The War on Farmers: John Klar's Central Argument in "The Coming Food Crisis," By Bob Farmer (Dairy Farmer)
John Klar's latest book, The Coming Food Crisis: How Corporations, Activists, and Climate Alarmists Are Waging War on Farmers (released March 17, 2026, by Skyhorse Publishing), delivers a stark, urgent warning: America's, and the world's, food system is under deliberate, multi-front assault. What appears as abundant supermarket shelves conceals a growing fragility engineered by powerful interests. The shelves won't stay full forever, and when they empty, the consequences will be famine in an age of supposed plenty.
At its core, Klar's argument is that independent family farmers, especially livestock producers, are being systematically targeted and eliminated, not by accident, but by coordinated forces pursuing profit, control, and ideological agendas. Three main culprits drive this war:
1.Multinational corporations consolidate food production through industrialisation, vertical integration, and global supply chains. They replace diverse small farms with massive monoculture operations and imported commodities, making the system more profitable for them but brittle for everyone else. Farm families vanish yearly, replaced by corporate giants. Economic policies fuel inflation, soaring input costs (fertilizer, feed, fuel), and supply-chain vulnerabilities that benefit Big Ag while squeezing out locals.
2.Animal rights activists and extremists push radical anti-livestock campaigns that portray traditional farming as cruel or environmentally destructive.

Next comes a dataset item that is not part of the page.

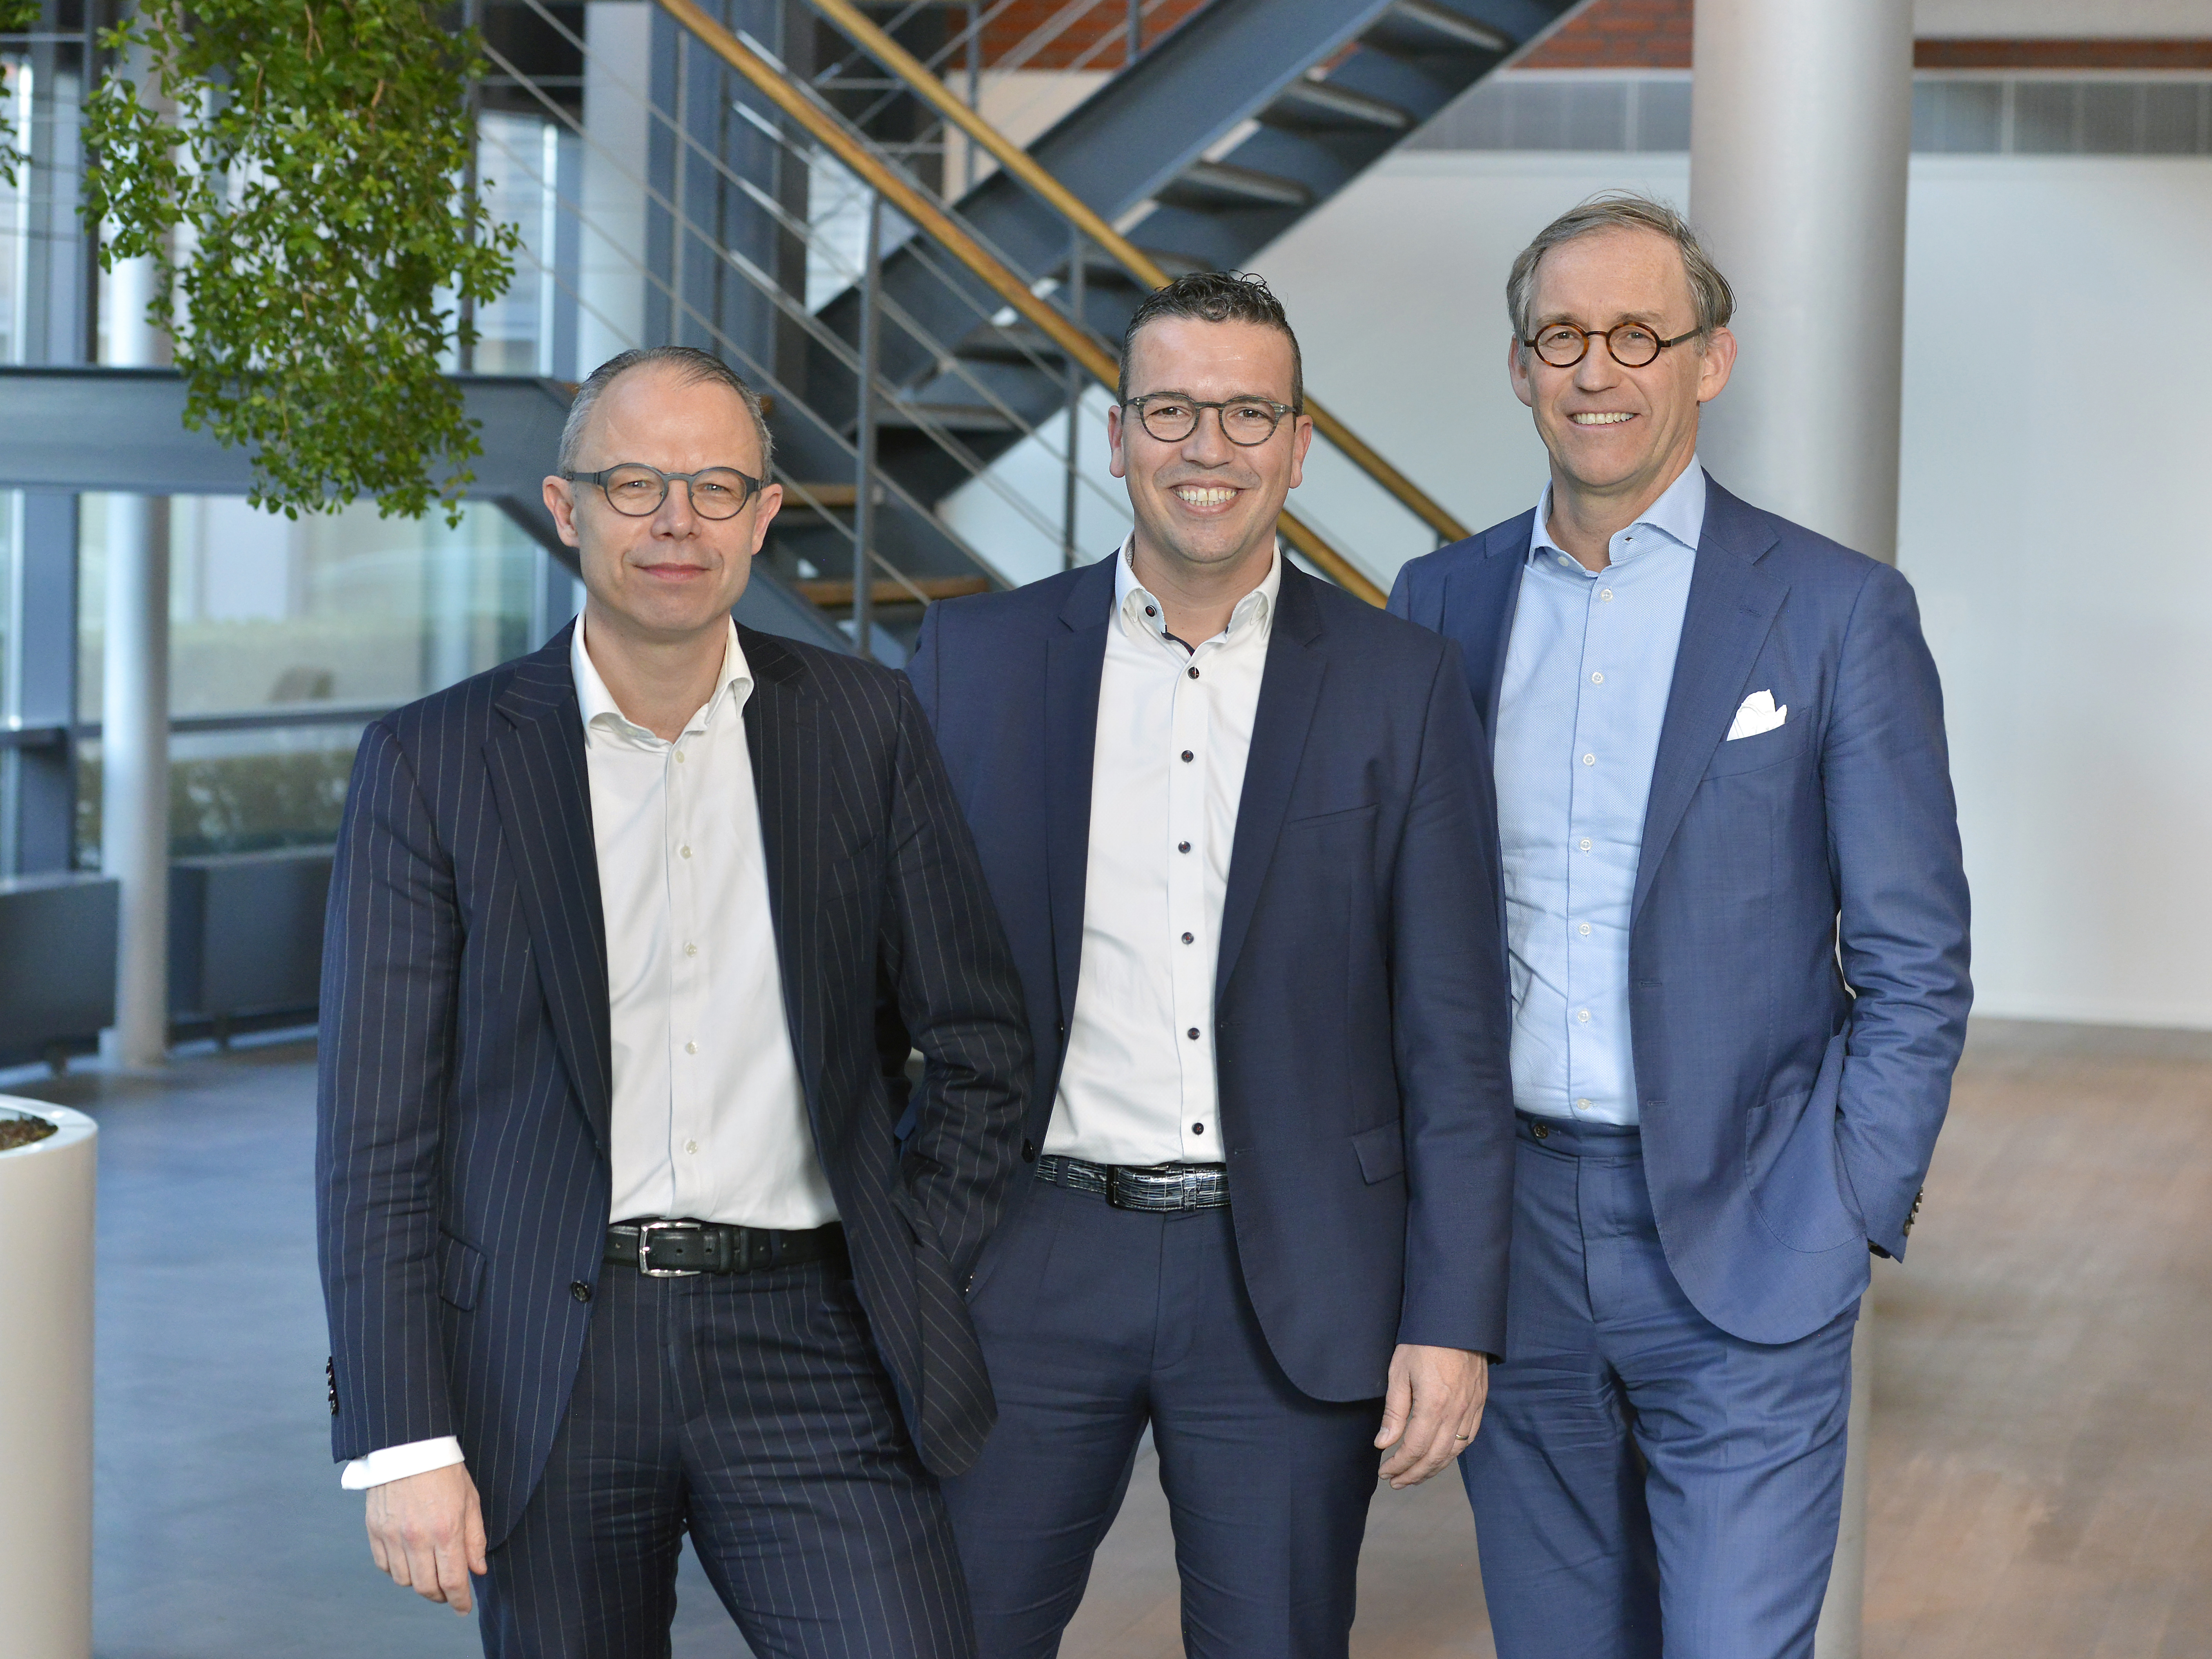 Gerard Zwartkruis en Paul van Rijn benoemd in directie Rabobank Regio Eindhoven

These efforts criminalise practices essential to regenerative, pasture-based agriculture, driving up compliance costs and forcing closures.
3.Climate alarmists weaponise "climate change" narratives to impose restrictive regulations on emissions, land use, and animal agriculture. Klar sees this as the latest propaganda tool to justify heavy-handed policies that mirror EU farmer revolts, where mandates on nitrogen fertilizers, herd reductions, and "green" transitions have sparked massive protests. In the U.S., similar elitist schemes threaten to criminalise independent peasants under environmental pretexts, all while ignoring real pollutants (like chemical runoff from industrial renewables) in favour of carbon-focused hysteria.

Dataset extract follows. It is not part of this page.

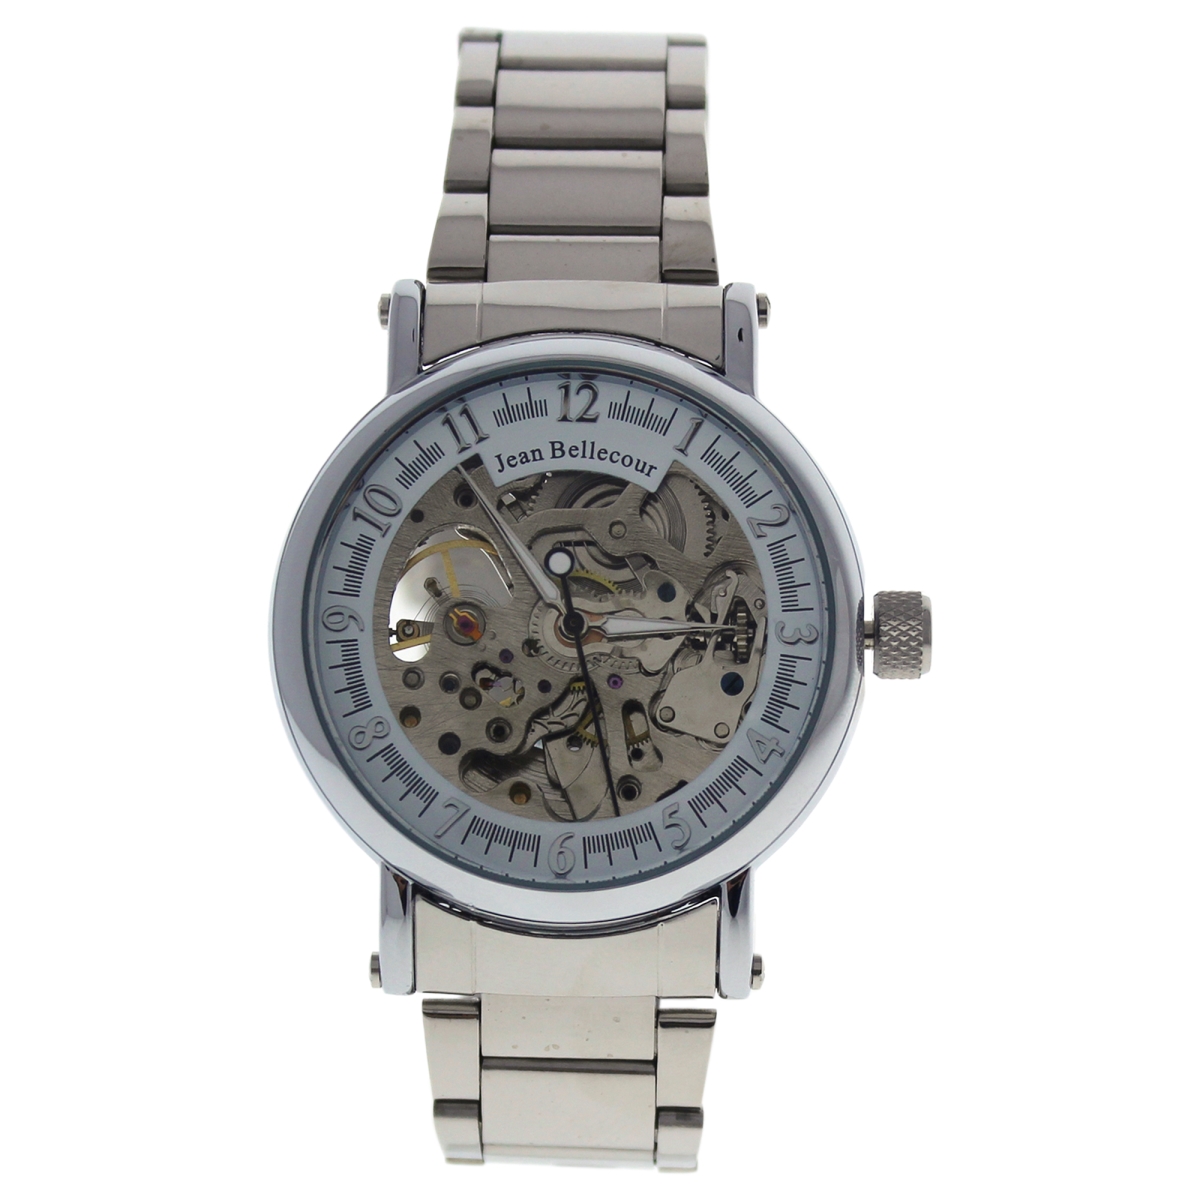 M-wat-1350 Silver Stainless Steel Bracelet Watch For Men - Redh1

Together, these forces create a perfect storm: dependency on processed, imported, ultra-processed foods rises; food sovereignty erodes; and human liberties shrink as governments and NGOs enforce top-down control. The result is engineered fragility — supermarkets look plentiful, but the underlying system grows ever more centralised, vulnerable to disruption, and hostile to small-scale, resilient producers.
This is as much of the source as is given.